China started running a massive surplus in excess of 8% in the early 2000s after becoming more integrated with the world economy and exporting goods heavily on the back of ultra-low manufacturing costs. China, too, came under international pressure for helping to cause global imbalances. While China’s trading position has now swung almost towards being balanced, it still has a substantial surplus with the US, which explains Donald Trump’s recent trade war with Beijing.

Turkish blight

Current account deficits are more dangerous if the inflow of capital does not represent productive long-term investments, but rather short-term “hot money”. Capital flows can rapidly reverse as foreign lenders abruptly start withdrawing their money.

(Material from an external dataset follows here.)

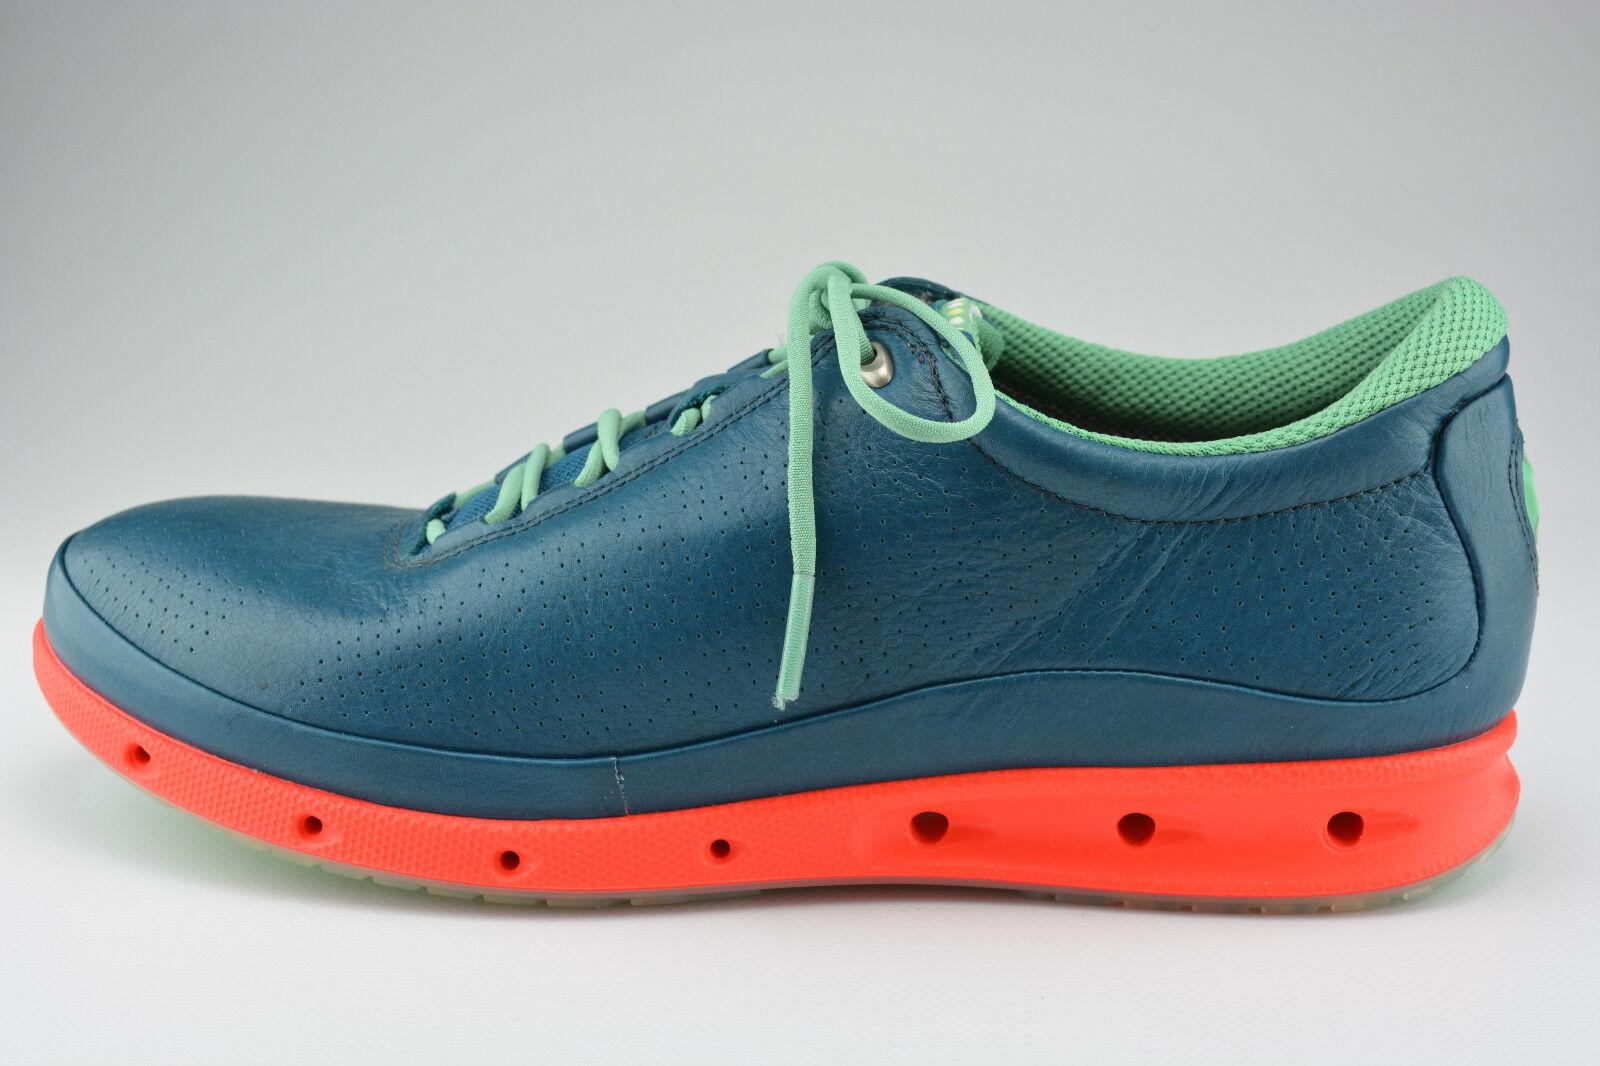 Ecco Schuhe Damen Schnürer COOL grün sea port Glattleder Gore Tex Surround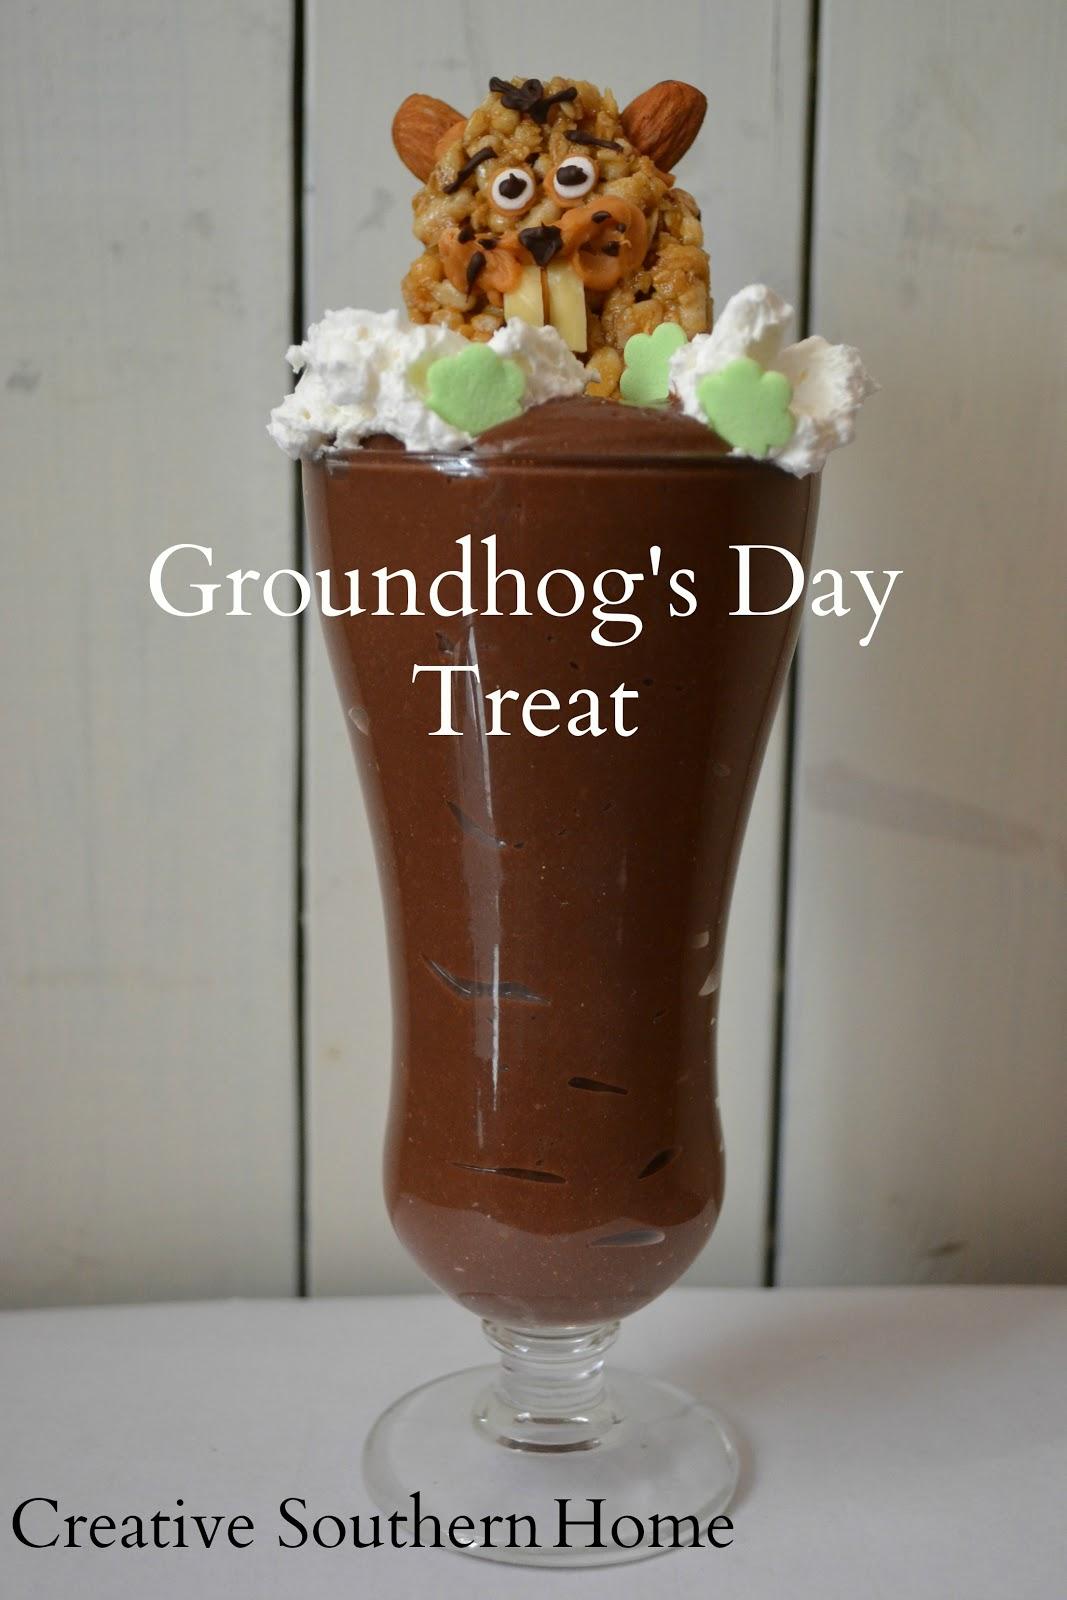 Groundhog's Day Treat

This can make the country’s currency plummet, culminating in a financial crisis if domestic banks, businesses and even consumers have been borrowing in foreign currency and the repayments are suddenly beyond their reach.

This is exactly what has happened in Argentina and Turkey this year. Turkey’s persistent deficits were a sign of the country’s reliance on foreign borrowing to fuel its domestic consumption boom under the Erdoğan regime, which came unstuck as the West called time on quantitative easing and started raising interest rates.

Emerging economy deficits

OECD

Indonesia and South Africa are two more emerging markets whose current account balances have been shifting. Both the Indonesian rupiah and South African rand have depreciated by about 10% against the US dollar over the last year.

While economists mostly agree that floating exchange rates and mild depreciations can be rather helpful in absorbing macroeconomic shocks, both countries look potentially vulnerable in a similar way to Turkey and Argentina – particularly if the rand or rupiah were to experience a “run” similar to the one on the Turkish lira. Unfortunately, just like a banking panic, currency crises and financial contagion are usually unpredictable beforehand.

At any rate, it’s important to be more accurate about current account imbalances. Large and continuous deficits or surpluses can either be totally benign or the result of some underlying economic problem. Still, some people persist in seeing only the bad in deficits. Donald Trump is a good example: he promised to eliminate America’s deficit during the presidential campaign and believes his massive tax cut will produce a growth surge that will achieve that goal in the years ahead. The irony, of course, is that in all probability it will achieve precisely the opposite.